Further, Bollywood cinema concentrates now on designer homes, super expensive coffee shops, exotic tourist destinations, all in a way to promote a life style. Gone are the days when exotic locations were natural sceneries from various countries and lifestyles portrayed were often contrasts between the one that the protagonist had and the other that the villain possessed; usually modest for the former, and ostentatious for the latter. Wealth was looked down upon as something immoral and bad, probably because of the socialistic ethics that guided Indian politics ever since Independence to economic liberalization. But after economic liberalization, the abashment about opulence waned off and what came in its place was the pursuit of wealth as an indication of macho power. Leadership, nationalism, masculinity, power and wealth all rolled into the ideals of the middle class to pursue in the neo liberal politics in which corporate houses and state power confound while the media, also controlled by the corporate houses tries to produce a non critical consensus. Bollywood also reflects this ideology of consensus distracting audiences into issues around romance, friendship and fidelity. Since the time when Bollywood was born with the release of Dilwale Dulhaniya Le Jayenge in 1995, the genre itself has changed from the family where ageing parents were the unquestioned bosses into films of “different flavor” where individuals, often shown as rootless and alienated persons were the protagonists and thus dissociating the individual from the family and opening her to a further control by media generated ideals.

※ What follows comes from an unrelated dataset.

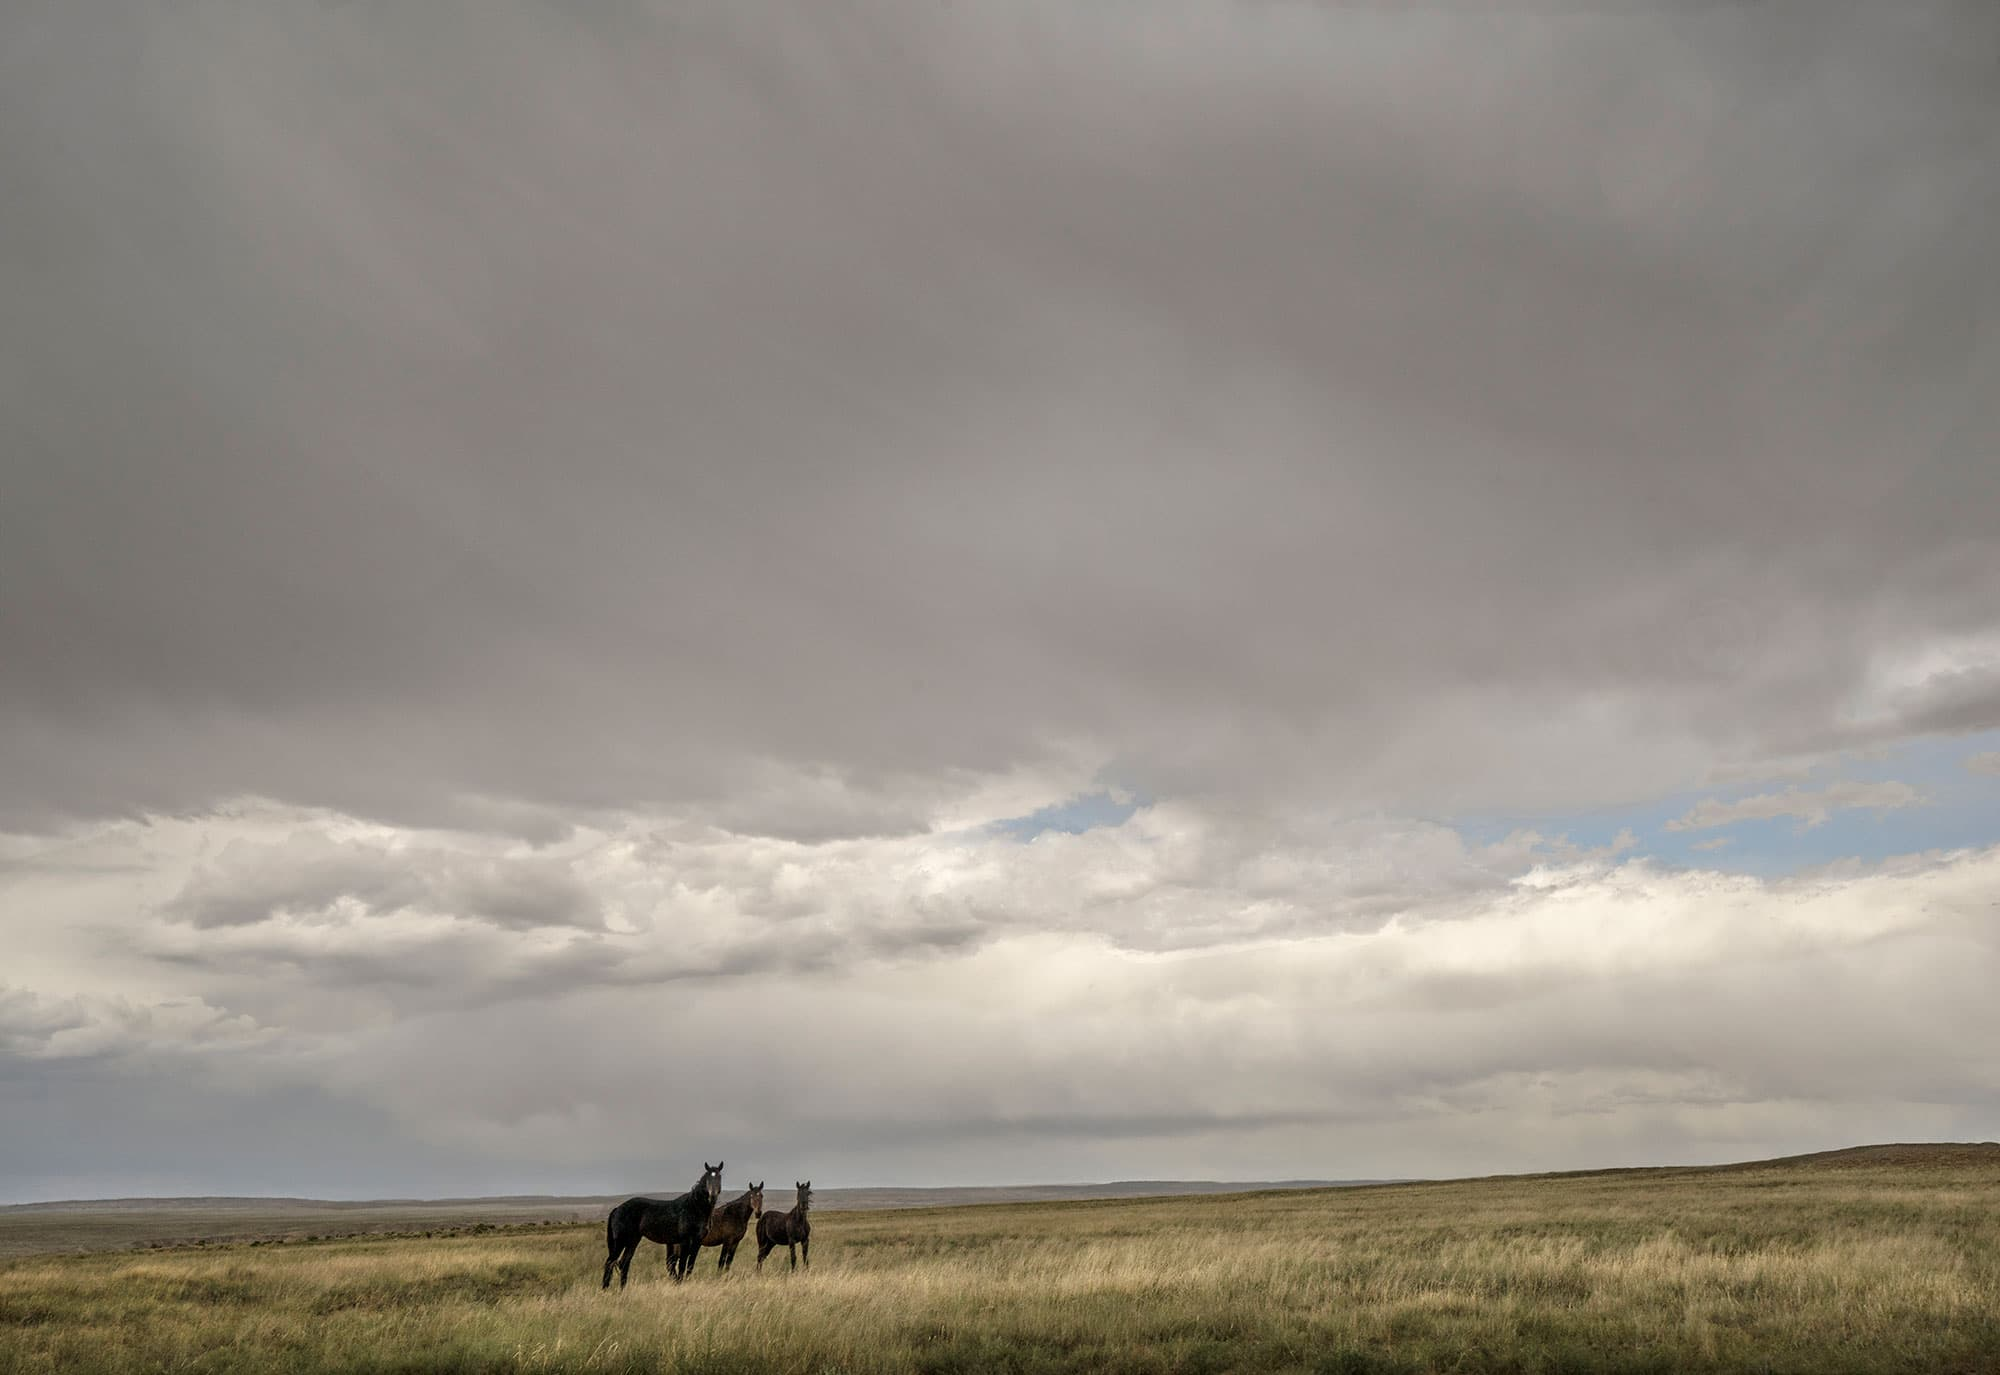 9-Horses-New-Mexico-2019-arthur-lazar

Apropos to the above, the media, namely the newspaper and the television has “lifestyle” exposures, with fashion, cookery, eating out, home furnishings with large supplements of film personalities thrown in. Celebrities also express their minds in forty character “tweets” in social networking sites, and those appear as marquee in the television news channels during Breaking News ! This is in sharp contrast to the earlier stars of the Hindi cinema where they led such sequestered lives that one had to spend days and even years trying to “catch” an interview with them. The value of Hindi film stars was in their invisibility beyond the frames of the cinema; today’s celebrities must be seen more in the outside world than as actors in cinema screens. The stars are seen at award functions, as hosts of reality television shows, as live endorsers of commercial products and brands and auction their company as dining companions of “ordinary men and women” for money ! They are also known to “sell” their statuses by being esteemed guests at wedding parties albeit at a huge price from the hosts. Sometimes, real estate companies have celebrities as neighbours to raise premiums. Film stars are now cookie points which you can buy if you have the money and move up the social ladder, the new form of Sankritization, a process by which people who had come into riches could buy their way into the upper caste by imitating their customs and rituals.

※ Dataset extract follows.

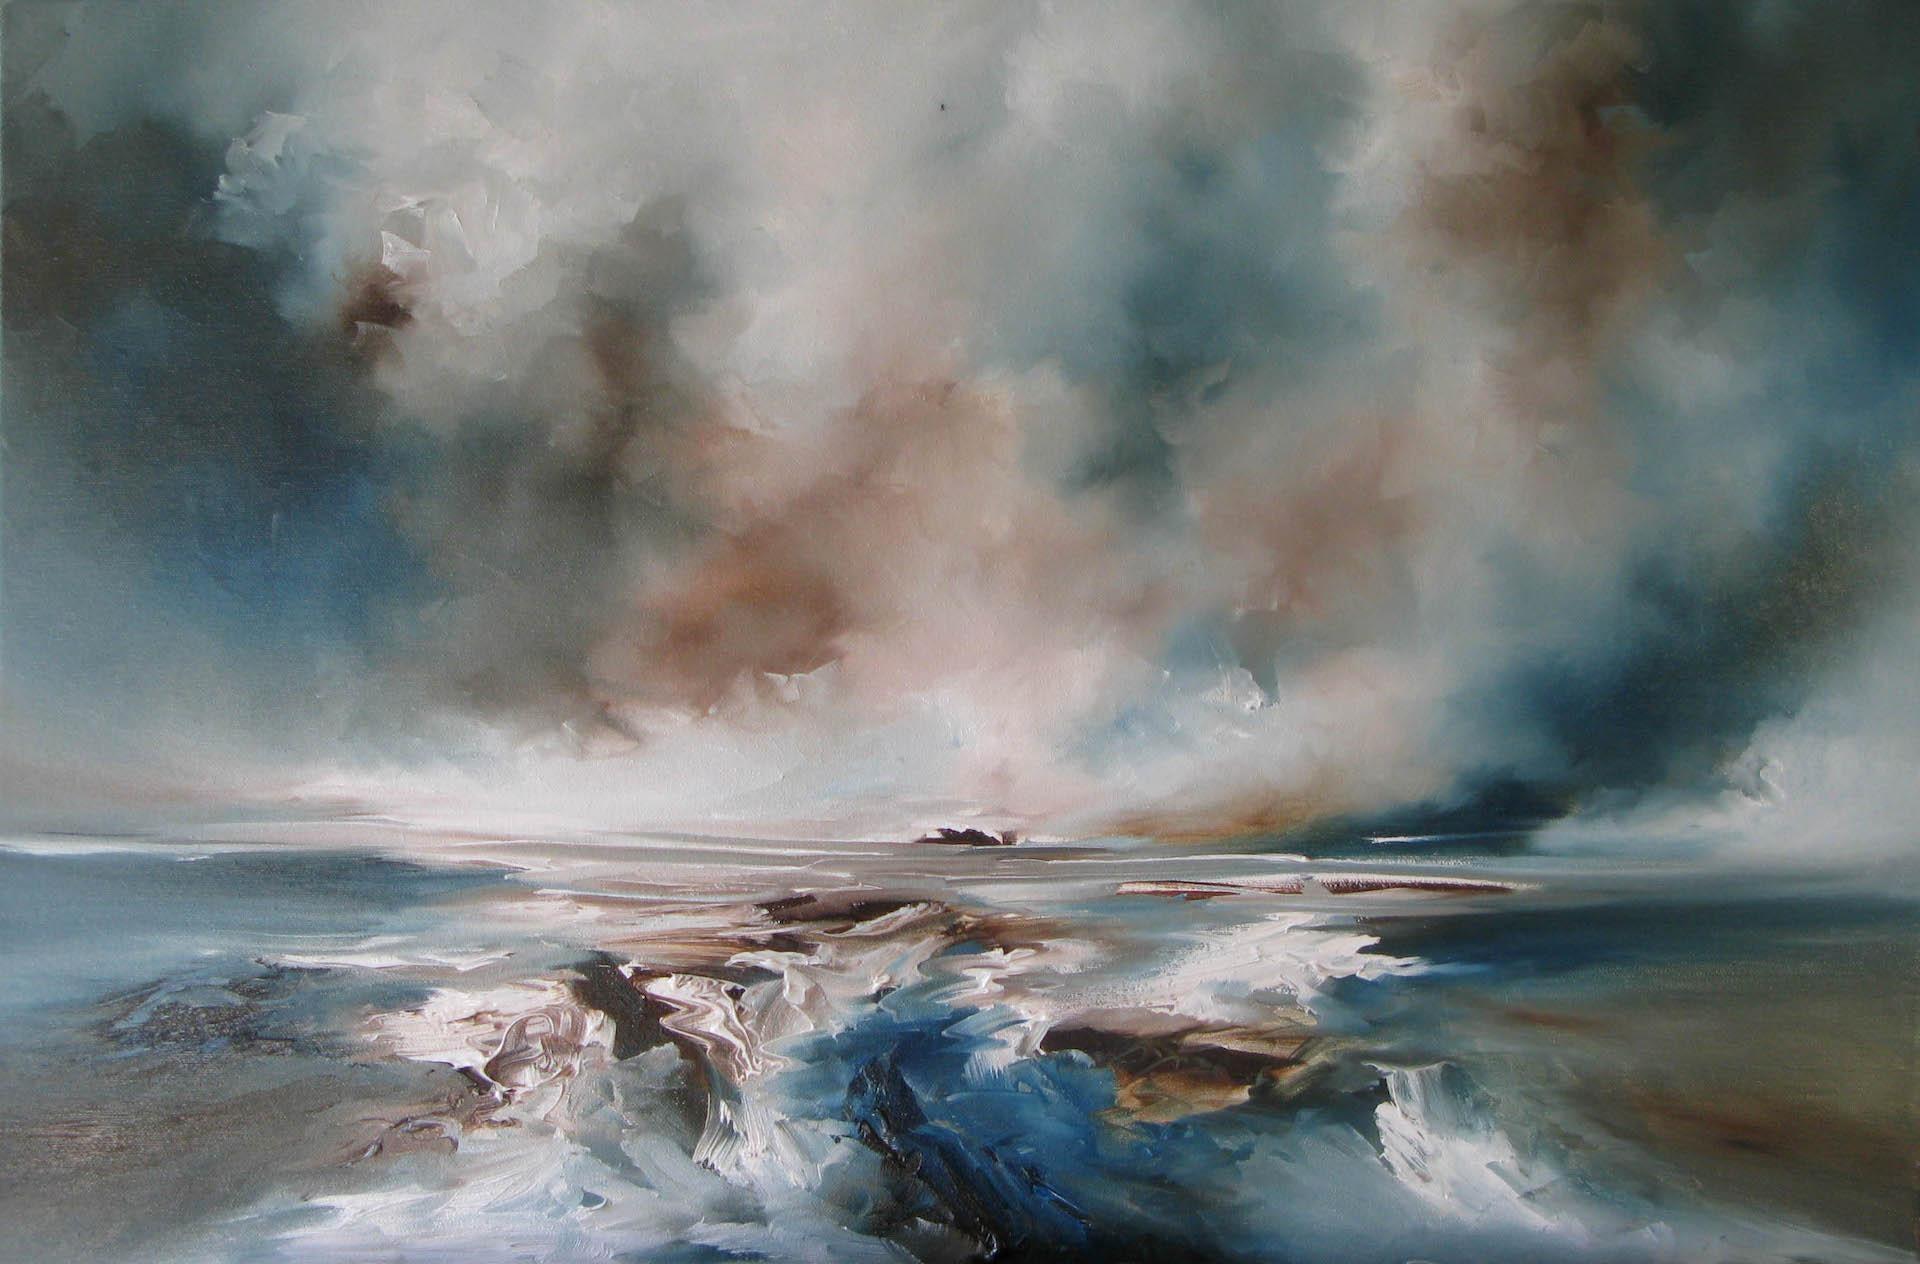 Distance, Alison Johnson, Original Seascape Painting,Contemporary Affordable Art

Bollywood is more technically intense, though it is definitely smaller in scale than the Hindi cinema. One cannot have a Mughal-e- Azam nor a Sholay, Bollywood has the money, the talent, the resources but no longer has the canvas of the mind that the makers of such large films had. There can no longer be the sacrifice of Mother India, nor the tragedy of Deewaar; there can never be a Meena Kumari in Kareena Kapoor, nor can Devdas be as in Shah Rukh as Dilip Kumar has been. Bollywood productions can be sleek and smart, but never with the passion of the Hindi cinema. Hindi cinema stars would read scripts for the emotions in them; Bollywood stars read the script to understand the attitude of the characters. This makes a huge difference in the scale, where Bollywood is about actors, while Hindi cinema was about stars. No wonder then the Bollywood actors are more of celebrities, by dint of familiarity of faces and a lifestyle of opulence, always creating a distance between them and wannabes of good life. The lifestyle of the celebrities are posited as ideals that people must follow, leading us to a path of consumerism and social competition often making us fall into the traps of debts by those very financiers who also lend to cinema.
A reckoning of a few remakes of Bollywood blockbusters will help us understand this problem better. Let us take the films Don (1978) and Don (2006). The former was a film starring Amitabh Bachchan in a double role. As Don, he was a lethal and merciless character; as Vijay he was simple and rustic. Don dies but the police officer wants to put Vijay in Don’s place so that he (Vijay) can play a Trojan Horse in Don’s gang and help the police to bust it. Don is then the figure, dangerous but absent while Vijay the simpleton has to impersonate him. The greatest idea of the film was to have Vijay “catch” Don as he continuously tries to emulate him and learn his manners. The entire film is based on a rhythm, the rhythm of the lead star, Amitabh Bachchan. The rhythm of Don is generated basically by Amitabh’s running away from his enemies and the police. There is a lot of running that Vijay does, from Roma who wants to kill him, the gang to know that he is a police decoy, the police who think that he is the real Don and metaphorically, Vijay too chases Don as an image as he tries to become the same man. This rhythm is replicated in Helen’s cabaret, in Roman’s dance and in the famous songs Main Hon Don and Khaike Paan Benarasiwallah. The film Don helped to explore Amitabh Bachchan’s “body” as a star and this went a long way in establishing him as the superstar that he was. The film also integrated the two aspects of Amitabh – one the cold, rational, calculative and strategic inaccessible man, and the other as a comic, light hearted simple soul into a single character. The music of Don was the binding factor that connected the frames, piece by piece into the totality of the film. The characters of Don supported the central character played by Amitabh Bachchan as Don and drew their distinct personas from being a part of the whole the whirled around the central but now absent character of the dead Don, thought to be alive. Kamal Kapoor as Narang, Pran as Jasjit, Satyen Kapoor as Inspector Verma, and above all Om Shivpuri as the smooth Interpol officer, Shetty as Shakaal, Mc Mohan as Ma, Helen as Kamini, Zeenat as Roma and Iftekar as the DSP, D’Silva are characters that are brilliantly etched in the mind as one recalls the film. But in the new version, these characters have nothing to define them.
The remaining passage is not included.